On January 9th, 2022, a fire at 333 East 181 Street, Bronx, New York, was ignited by an electrical space heater. The fire was contained to a single room on the second floor of the high-rise apartment, but smoke filled the 19-story building causing 17 people to lose their lives and injured another 40 people. A pair of class-action lawsuits were filed on January 11th by two of the survivors, Rosa Reyes and Felix Martinez. The couple filed claims of permanent personal injuries and property damage.

CALIFORNIA EXPANDS NON-ECONOMIC DAMAGES IN SURVIVAL ACTIONS

Jonah Hall & Ryan White / Husch Blackwell

As of January 1st, 2022, plaintiffs in survival actions in California will be eligible to obtain damages for predeath pain, suffering, or disfigurement. This dramatic change in law will impact the value of litigation cases as well as the cost of defending these matters. Prior to this, if an injured party died before their legal cases were resolved, the recovery in that lawsuit could not include predeath pain, suffering, or disfigurement. The only recovery permitted was economic monetary losses and possibly punitive damages under other statutes.

On October 1st, 2021, California Governor Gavin Newsom modified the existing law so plaintiffs in survival actions can be awarded damages for predeath pain, suffering, or disfigurement. This law is not retroactive, only plaintiffs that filed on or after January 1st, 2022 will be eligible for the recovery damages for pain, suffering, or disfigurement in survival actions. This law is set to expire on January 1st, 2026. At that time, California Legislature can release the bill.

Negligence actions and medical malpractice actions will likely be impacted, though the Medical Insurance Compensation Reform Act cap still applies to non-economic damages for pain and suffering. This law does not impact the Elder Abuse and Dependent Adult Civil Protection Act (EADACPA), as EADACPA already permits predeath pain and suffering damages up to $250,000.

BENNINGTON CLASS ACTION SETTLEMENT

Lucas Willard / WAMC

Individuals that have lived or owned real estate property near Bennington / North Bennington, Vermont, may benefit from a class action settlement. Sullivan v. Saint-Gobain Performance Plastics Corp., a class-action lawsuit filed by residents in the Bennington area alleging contamination of their property and drinking water with a chemical called Perfluorooctanoic Acid (“PFOA”) has settled. 

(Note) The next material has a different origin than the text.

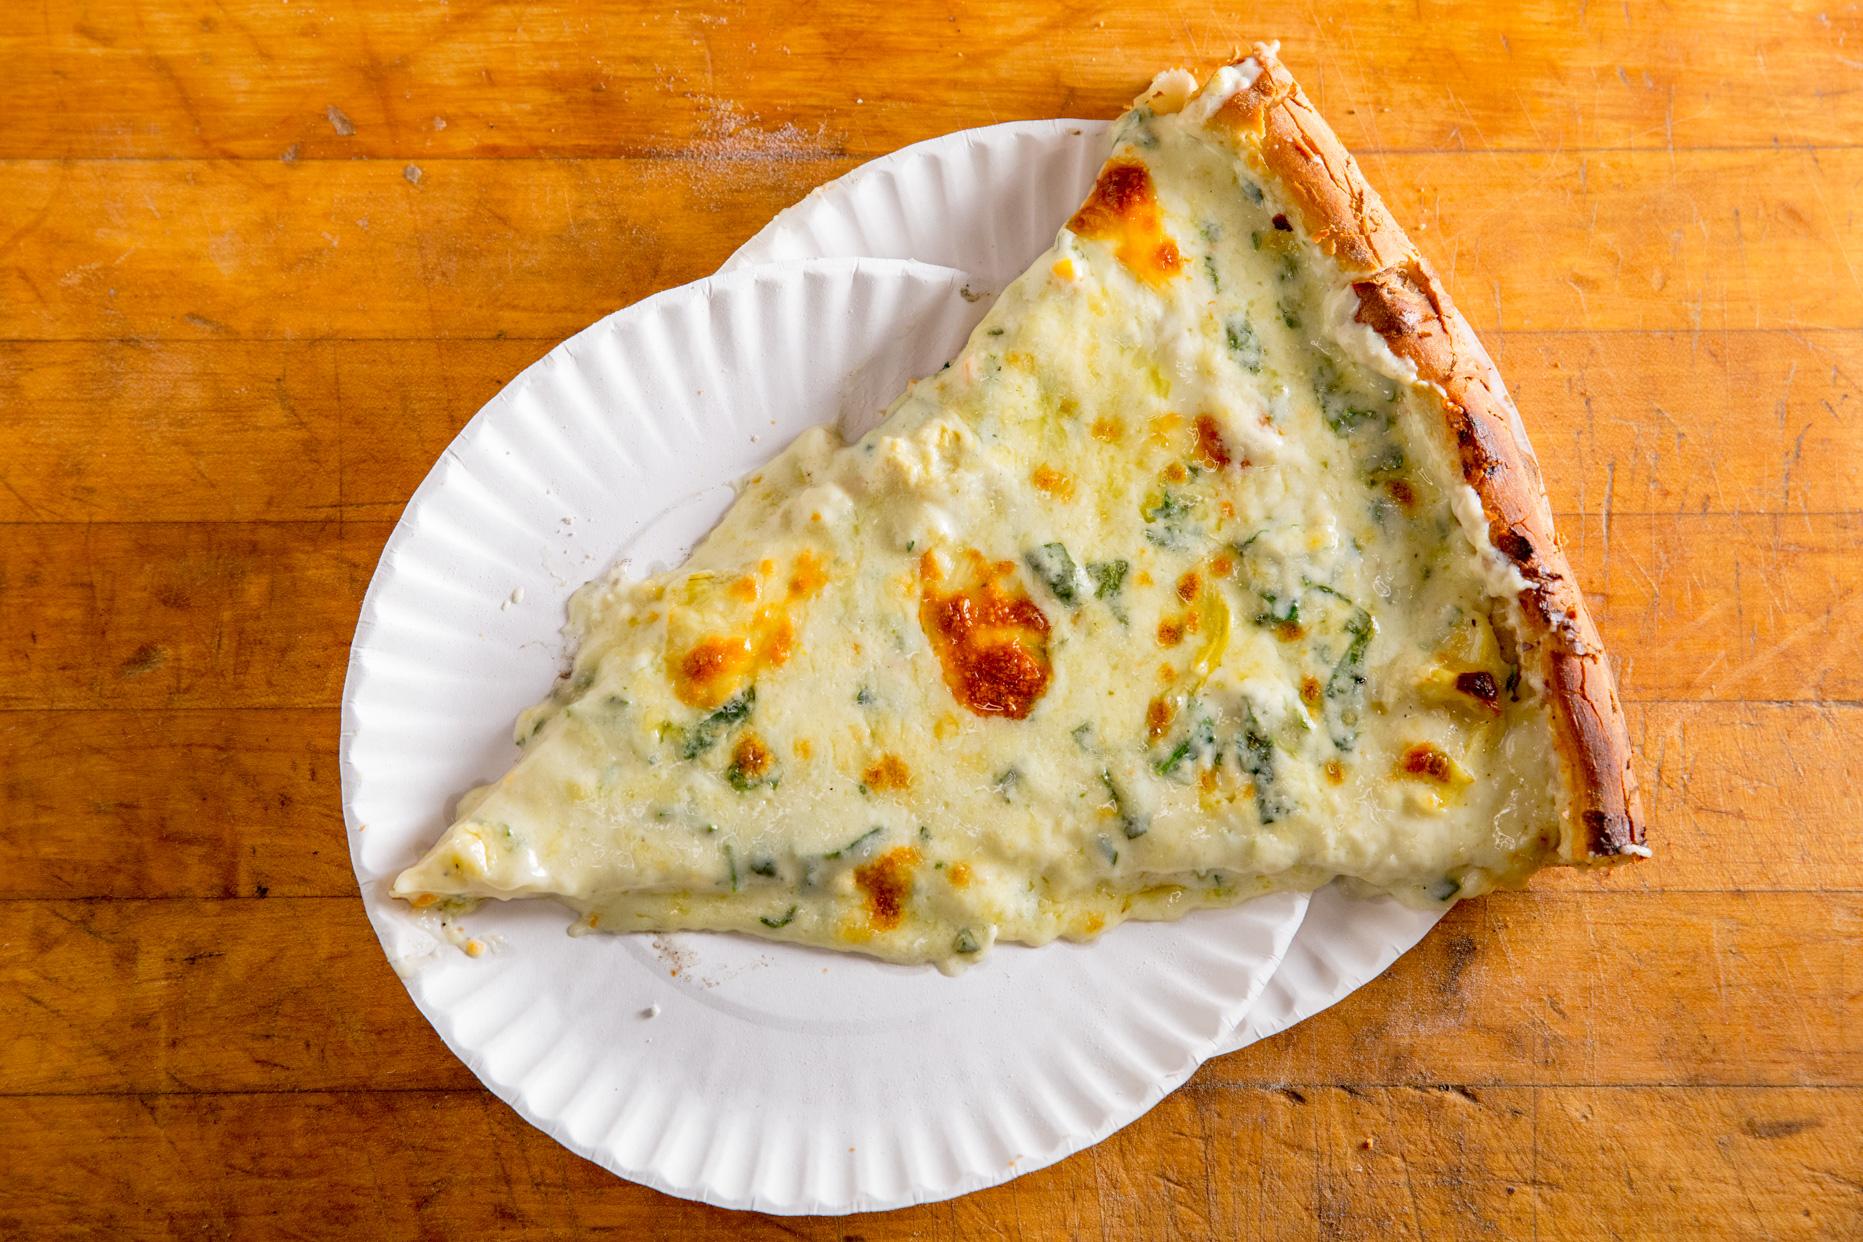 NY Slice Shop Artichoke Basille's Arrives in Oakland

The settlement will provide money for property damages to individuals (Property Class) that owned residential real estate property in the Zone of Concern and funding for a Court-Supervised Medical Monitoring Program for Exposure Class members. Individuals may be a member of both classes. A more detailed Class Settlement Notice, the Settlement Agreement, a Claim Form, and an Opt-Out form can be found at www.BenningtonVTClassAction.com or requested by emailing info@benningtonvtclassaction.com, or by calling 866-726-3778.

If you are a property owner within the zone of concern, you must file a claim form to receive money for property damages. Unless you have been asked to be excluded from the property class no later than February 2, 2022, you will be bound by the settlement and release of claims. Exposure class members must file a Claim Form to participate in the Medical Monitoring Program, there will be no opportunity to be excluded.  

Exposure Class members will have an opportunity to object to the settlement no later than February 2, 2022. Doing nothing will result in getting a payment or other benefits from this settlement along with giving up certain legal rights. 

ONTARIO COURT AWARDS OVER $107M TO FAMILIES FROM FLIGHT 752 SHOOTDOWN

Jim Sciutto, Pamela Brown, Barbara Starr, Zachary Cohen and Paul P. Murphy / CNN

A court in Ontario, Canada, awarded more than $107 million to the families of six victims in the Iranian military’s downing of flight 752 on January 8th, 2020. The decision was made public on December 27th, 2021, following a May ruling that the missile strike was an international act of terrorism. This alowed for relatives of those who were killed to seek compensation from Iran. Ontario Superior Court Justice Edward Belobaba found the missiles that shot down Ukraine International Airlines Flight 752 to be deliberately fired at a time of no armed conflict in the area, resulting in Iran’s invalidation of immunity against civil litigation.